» **What you should do**: Your answer must be the exact lines below, starting with the line with "Rangemaster CDL90DFFMG/C Classic" and going on through the line with "The Ocean is With Me Ring", both included, with no pictures.

» **Given data**:
******************************
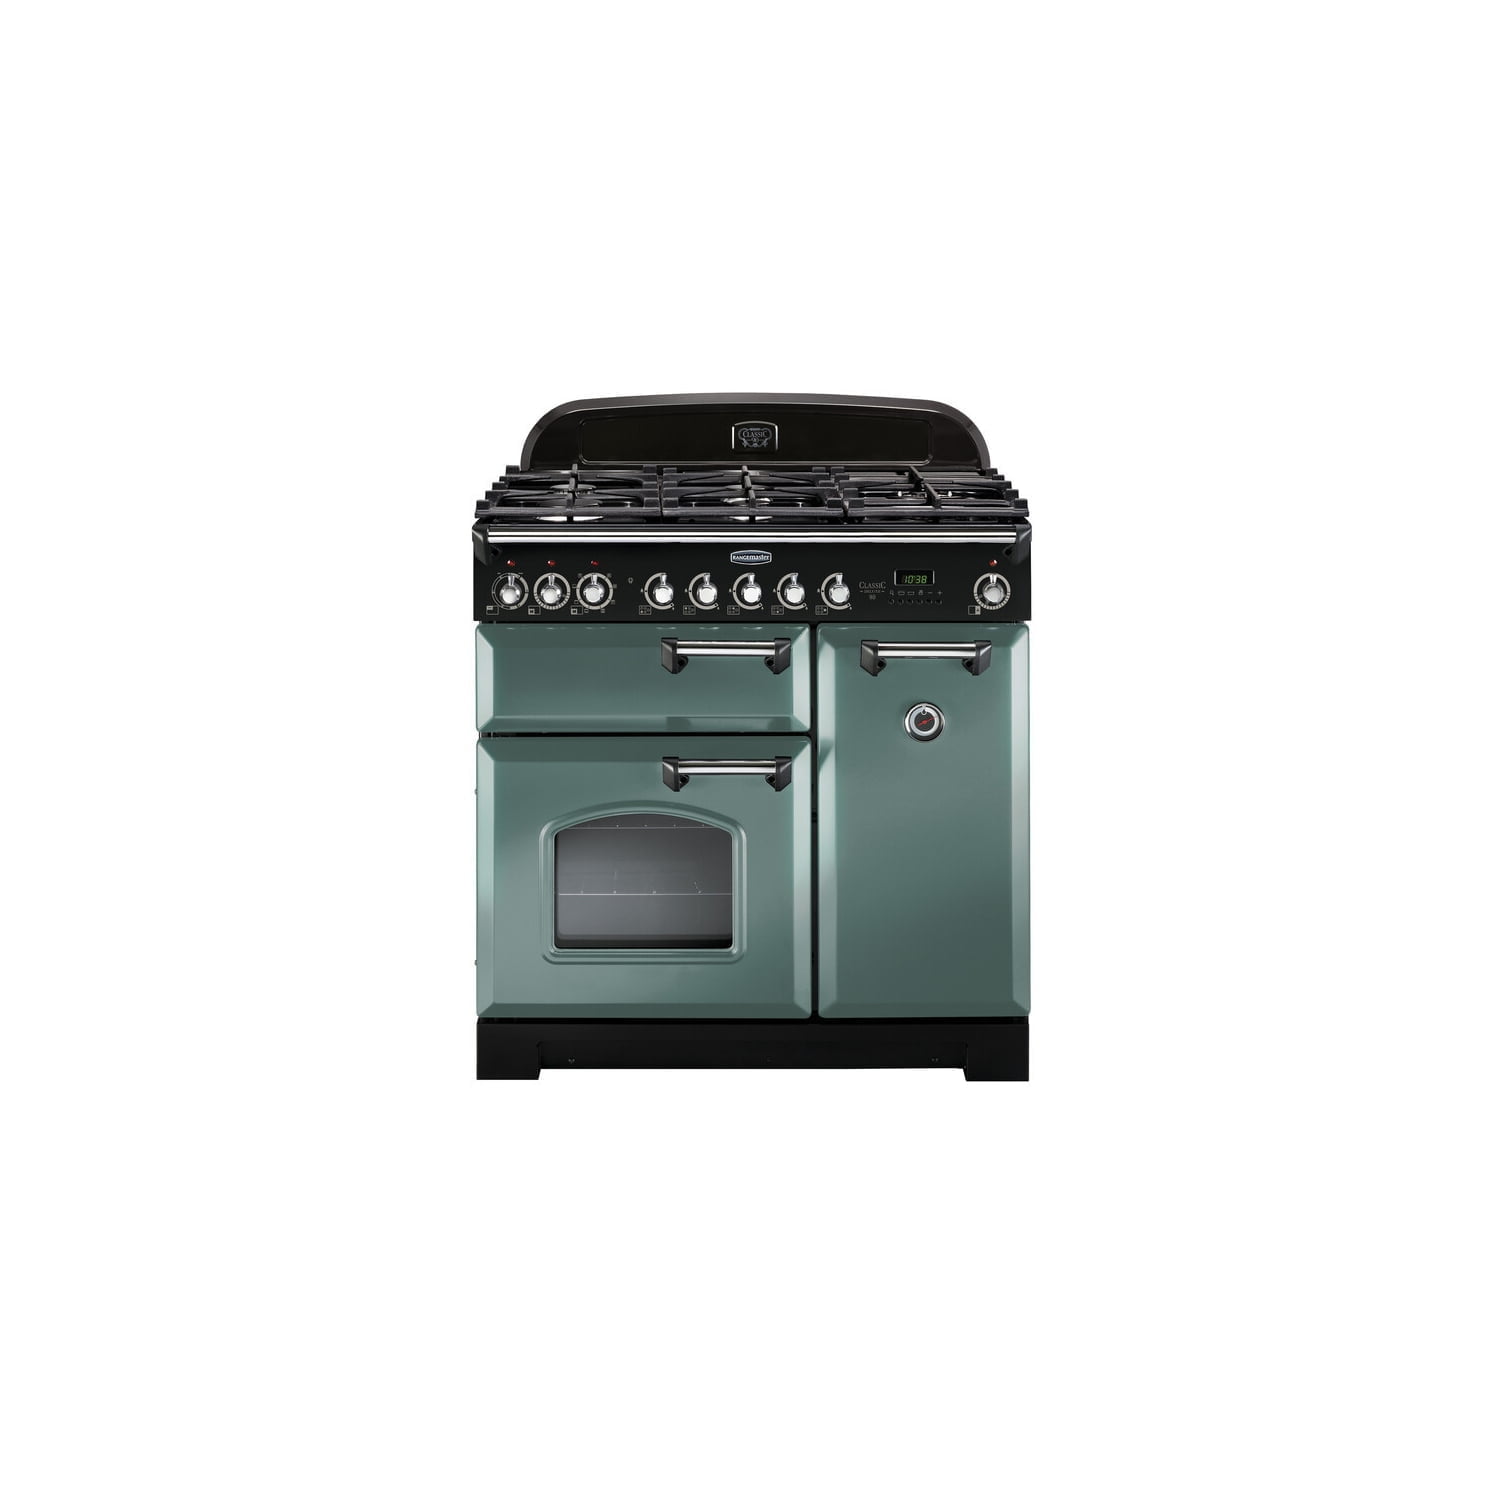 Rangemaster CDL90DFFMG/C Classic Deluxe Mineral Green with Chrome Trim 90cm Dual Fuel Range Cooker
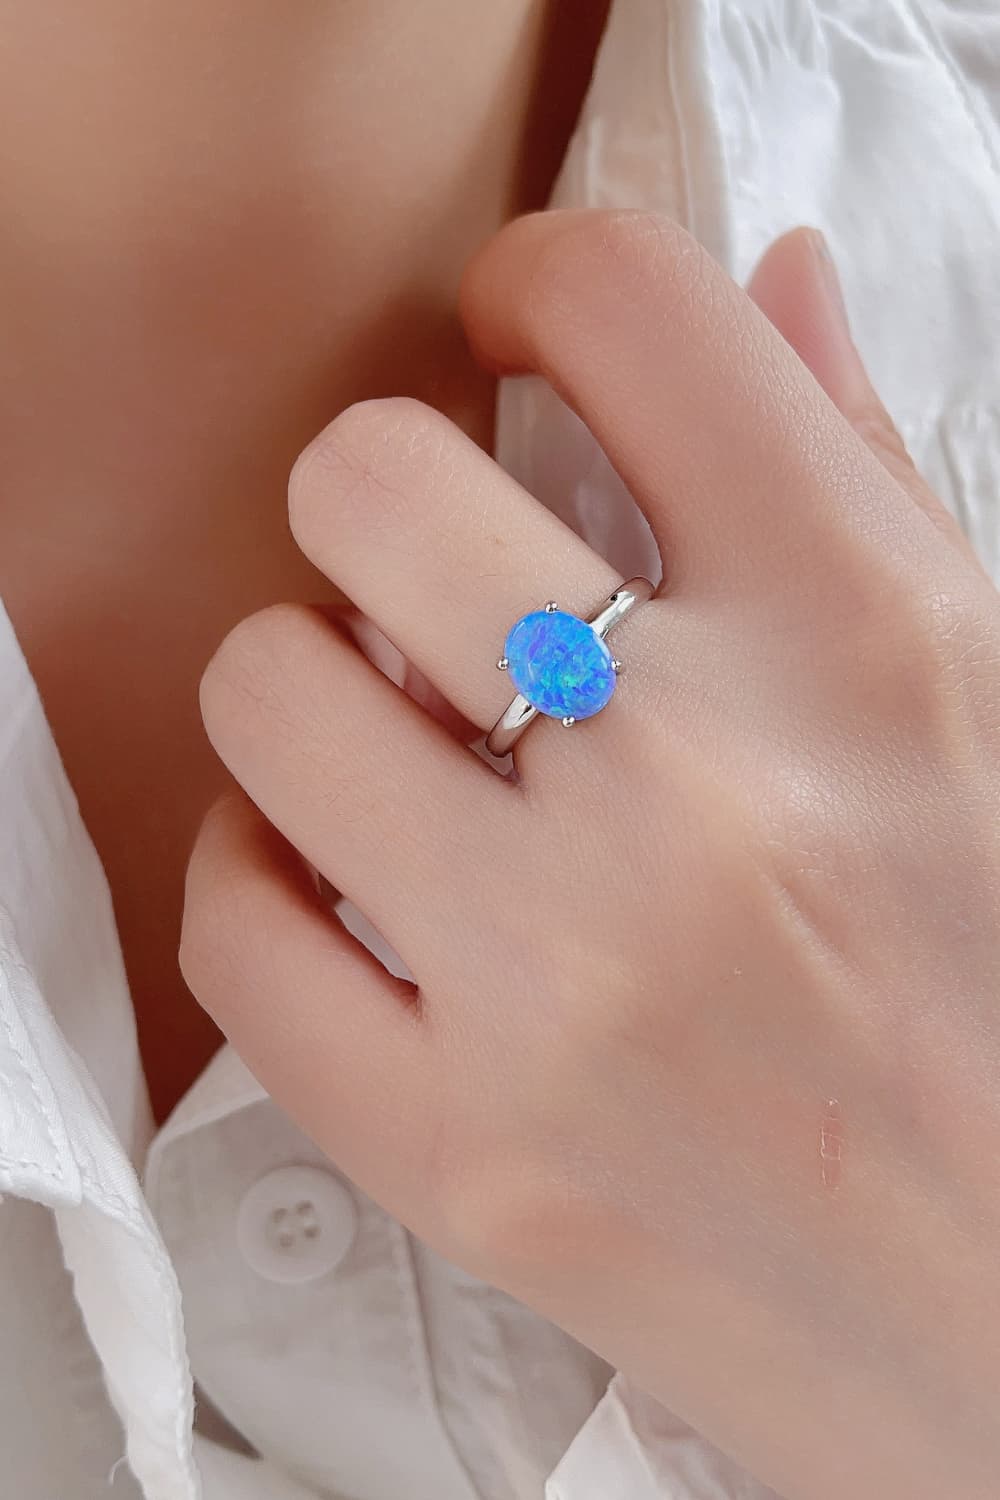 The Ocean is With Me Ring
******************************
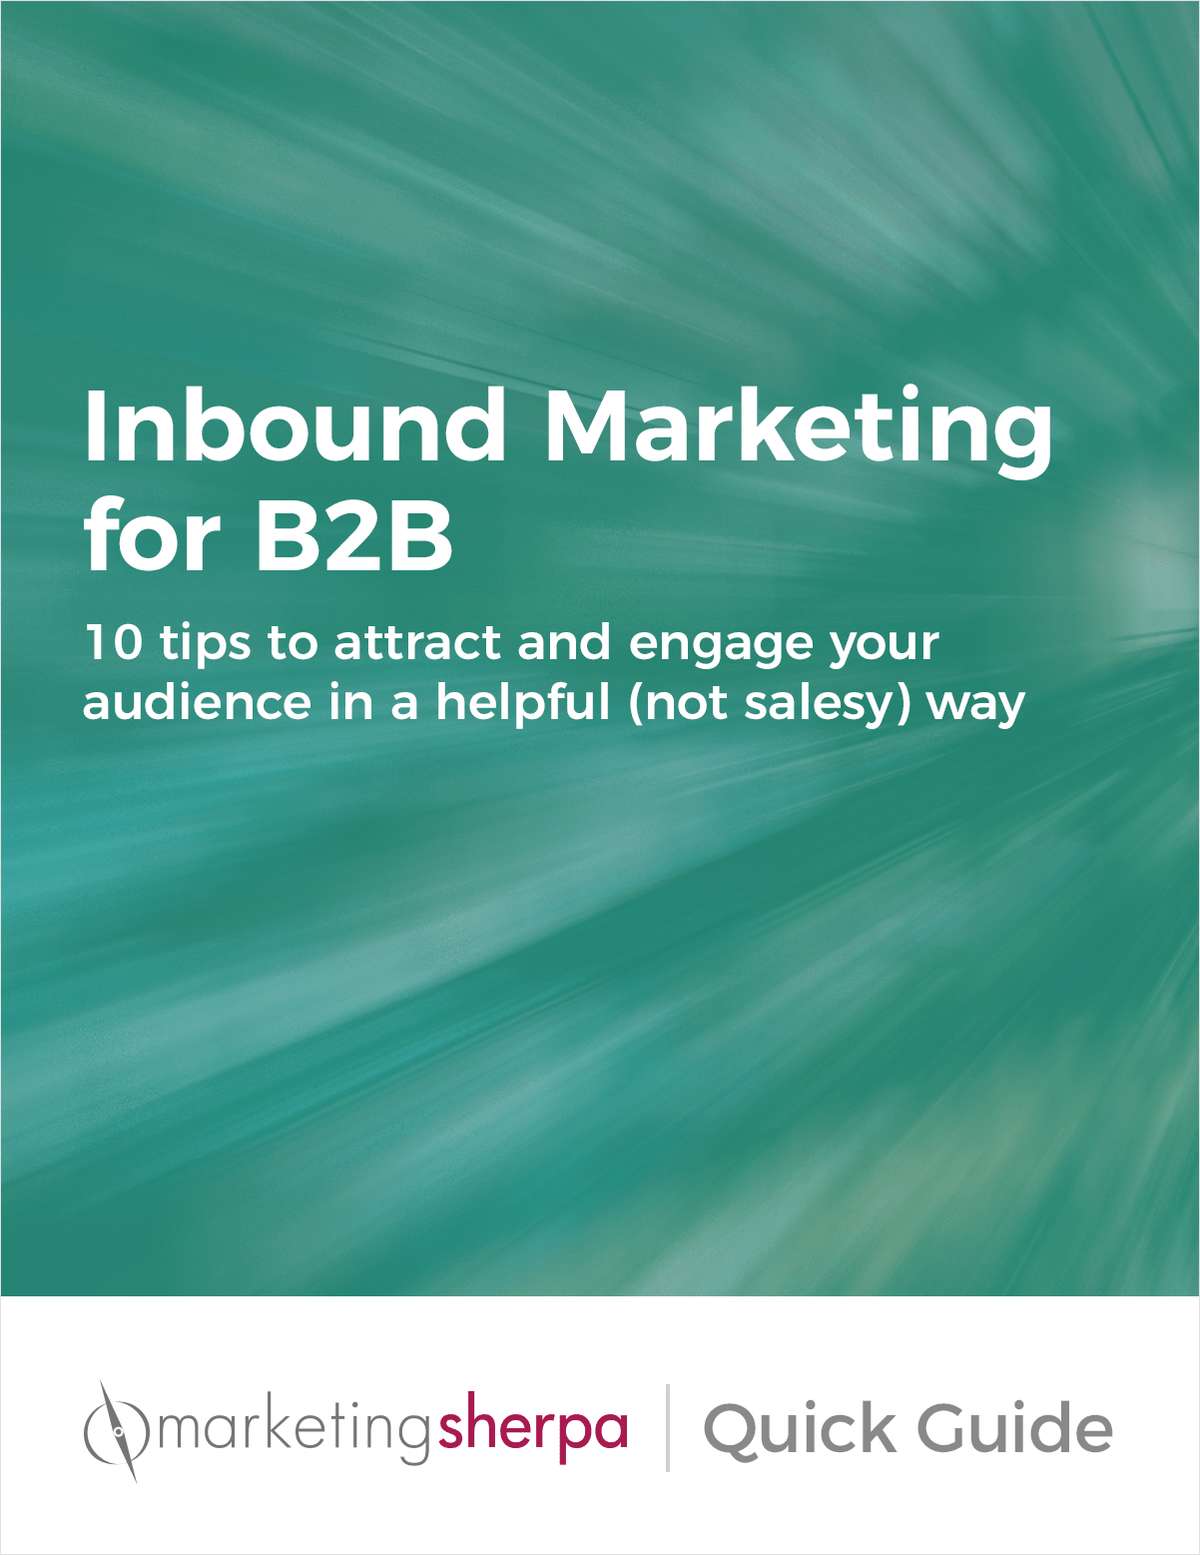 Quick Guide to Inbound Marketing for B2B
******************************
» **Written solution**:
 Rangemaster CDL90DFFMG/C Classic Deluxe Mineral Green with Chrome Trim 90cm Dual Fuel Range Cooker
 The Ocean is With Me Ring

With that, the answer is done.